Daniel 7:25 and the Sabbath (Part 2 of 2)
By Kelly McDonald, Jr.
As discussed in the first part of this series (click here to view part 1), the little horn of the fourth beast in Daniel chapter 7 best identifies with the pope/Roman Catholic Church. Remember that this little horn arose out of the fourth beast. Said another way, the Roman Empire contributed to the Roman Catholic Church becoming this little horn.
Think to Change the Laws and Times
The first way that the Roman Church became one with fourth beast of Daniel 7 was to accept pagan Roman celebrations. These celebrations were re-labeled with Christian meaning, but the date and type of celebration remained Roman. They also promoted these days in the place of God’s celebrations.
In Daniel 7:25, the little horn was prophesied to “…speak against the Most High and oppress his holy people and try to change the set times and the laws.”
One aspect of this verse that is often overlooked is that the little horn will “TRY to change the set times and the laws.” Some translations say that he will ‘think’ to change the set times and laws. He will try to affect these things, but he will not be successful. As reviewed in part one of this series, the Aramaic word translated as ‘law’ refers to the Law of God and the word translated as ‘set times’ refers to the mo’adim from Leviticus 23 (the first of which is the Sabbath).
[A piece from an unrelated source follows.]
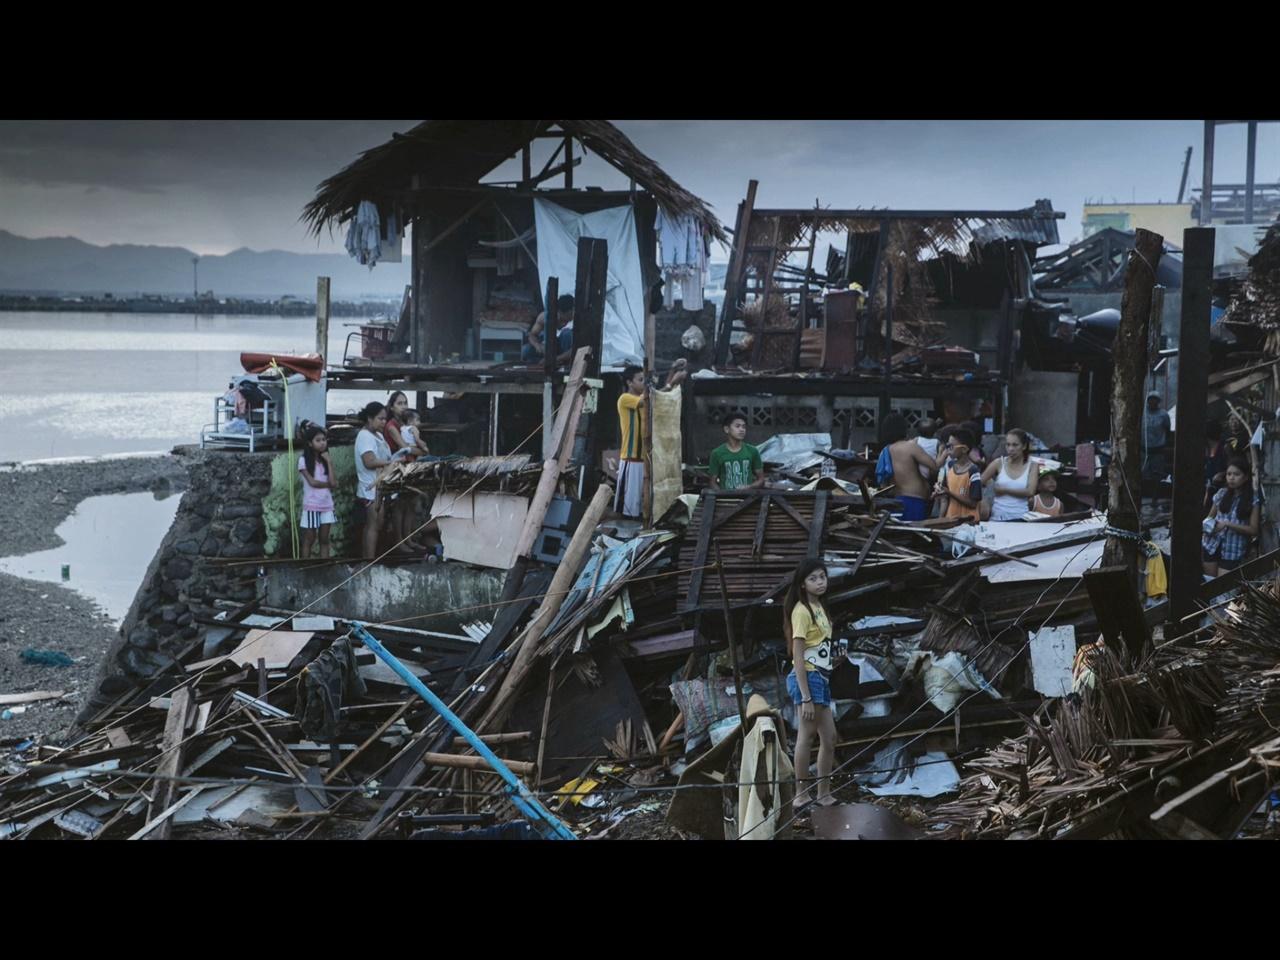 슈퍼 태풍으로 파괴된 필리핀  슈퍼 태풍 하이얀이 휩쓸고간 뒤의 타클로반의 모습
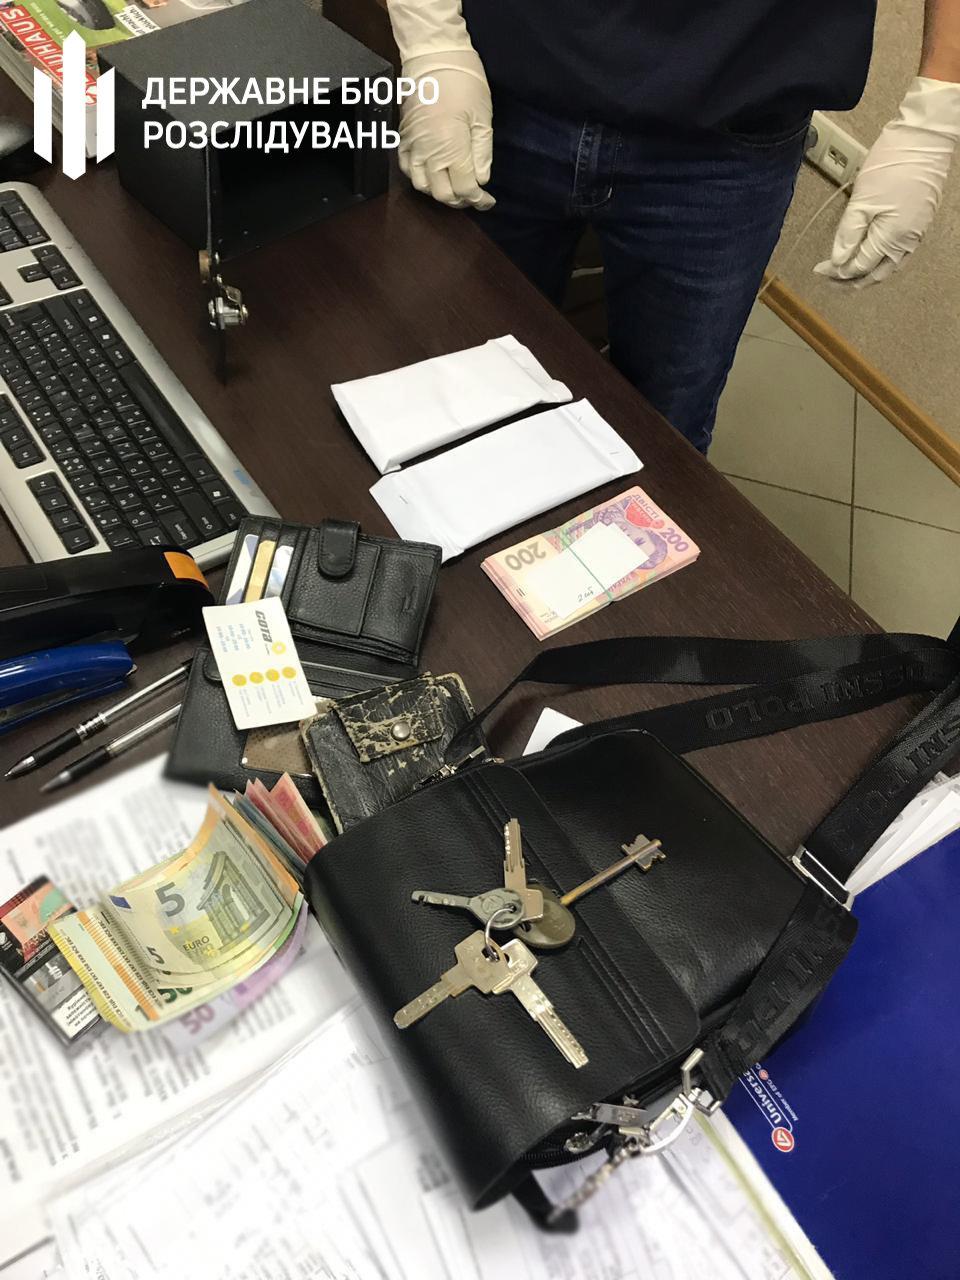 Хмельницькі правоохоронці затримали керівника митного посту за «відкати» на розмитнені , фото-5

Starting in the second century AD, the Bishops of Rome began to defect from the Ten Commandments and the appointed times. Below, I have a brief timeline of events showing where they gradually defected from truth.
150s AD – Quartodeciman Controversy – At this time, the bishops of Rome abandoned keeping Passover or Pascha in favor of a once-a-year service for the resurrection (CLICK HERE to learn more). They also started to develop their own liturgical Calendar, which led to an alternative Pentecost.
200s AD – By this time, the Church of Rome abandoned the Sabbath in favor of first day of the week services (they still did not keep Sunday as the Sabbath). The Quartodeciman Controversy contributed to this development.
305/306 AD – The Council of Elvira was the first which banned pictures on the walls of Christian buildings to prevent the worship of images (canon 36). This means that the practice occurred in some places.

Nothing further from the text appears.